Türkiye Cumhuriyeti’nin bütün savcılarına, Kanaltürk’te 2006 yılında yapmış olduğum bir canlı yayın programı vardı. FETÖ’nün nedenli korkunç bir örgüt olarak yakın bir gelecekte, Türkiye’nin devlet gemisinin dibini deleceğini ve bu teşkilatın bütün örgüt elemanlarını ve beyin takımını tek tek, isim isim görevleri ile beraber ilgililere tekrar tekrar bildirmiştim ve 2003-2007 yılları arasında da 3 kitap yazmıştım. Hemen hemen bütün dergi ve gazetelerde de röportajlar yapmıştım. 100’e yakın televizyon programında da canlı olarak bütün detayları ile FETÖ’nün stratejilerini anlatmaya çalışmıştım.
2007 yılında Genelkurmay’daki yapmış olduğum 8 saatlik görüntülü ihbarımı ve vermiş olduğum ifade ile bunların derdest edileceğini ve bu örgütün bertaraf edileceğini umuyordum.
Maalesef bu vermiş olduğum isimler ile ilgili herhangi bir soruşturma yapılmadığı gibi, beni de çağırıp bu söylediklerimden dolayı bir daha arayan, soran olmadı. Hatta bu ifadeyi vermek üzere gittiğim zaman, yolda telefonla çok ciddi bir ölüm tehdidi almıştım. Ahmet Taner Kışlalı ve Hablemitoğlu gibi öldürüleceğim açıkça söylenmişti.
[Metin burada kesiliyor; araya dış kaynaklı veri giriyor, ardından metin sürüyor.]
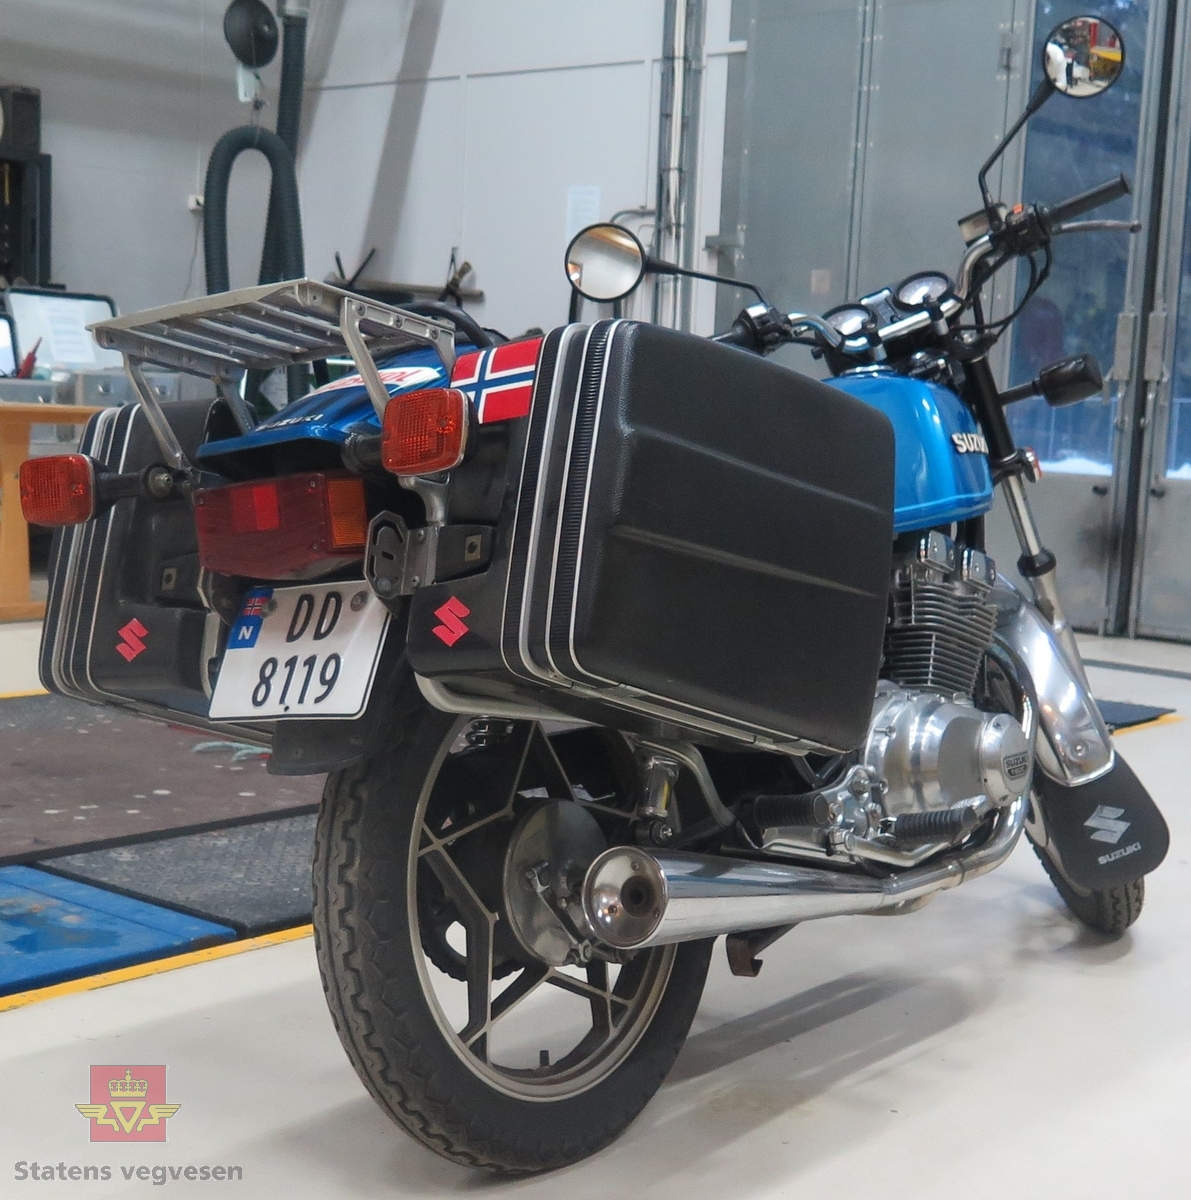 Suzuki GSX 400 DOHC 8 Valves. 2 hjuls motorsykkel med bakhjulstrekk (kjededrift). Motorsykkel har en bensindrevet 4-takts 2-sylindret DOHC 8 ventil motor. Den har et sylindervolum på 399 kubikkcentimeter og en effekt på 42 Hk. Motorsykkelen har 2 sitteplasser.

Bu olaydan 11 yıl sonra, Genelkurmay emekli başsavcısı bu kasetimin bulunduğunu ve Ankara Adliyesi emanetinde olduğunu söyledi. O tarihte ifademi alan Z. D’nin, ahlaksız bir kaset komplosu ile görevinden ayrılmak zorunda bırakıldığını açıkladı. Açık ve net fotoğraflarıyla beraber Sözcü gazetesi iki gün manşet yaptı ve bu manşete rağmen hâlâ daha bu kasetin içeriği gündeme getirilmedi. Üstü örtülen bu pislik örgüt, 17/25 ve 15 Temmuz hadiseleri ile arka arkaya, Türkiye’yi bir felakete sürüklerken Allah’ın inayeti ile ülkemiz uçurumun kenarından döndü.
FETÖ’nün devletimize ve milletimize unutulmayacak bir travma yaşatmış olmasına rağmen, aradan geçen 2 yıllık süreç içerisinde, FETÖ hızından çok az bir şey kaybetti. FETÖ’nün sadece sakalları tıraş edilmiş gibi oldu. Örgüt bütün gücüyle hâlâ daha yarım bıraktığı işi tamamlama niyetinde olduğu bir zamanda, mücadele hususunda devlet kurumlarının halkımızın mücadele için gittiği yerlerde kapıların birer birer yüzüne kapanmasından dolayı, hız kaybeden ve mücadele yorgunluğuna giren milletimiz ve bürokrasinin ağır ve hantal çalışması, FETÖ’yü tekrar cesaretlendirdi.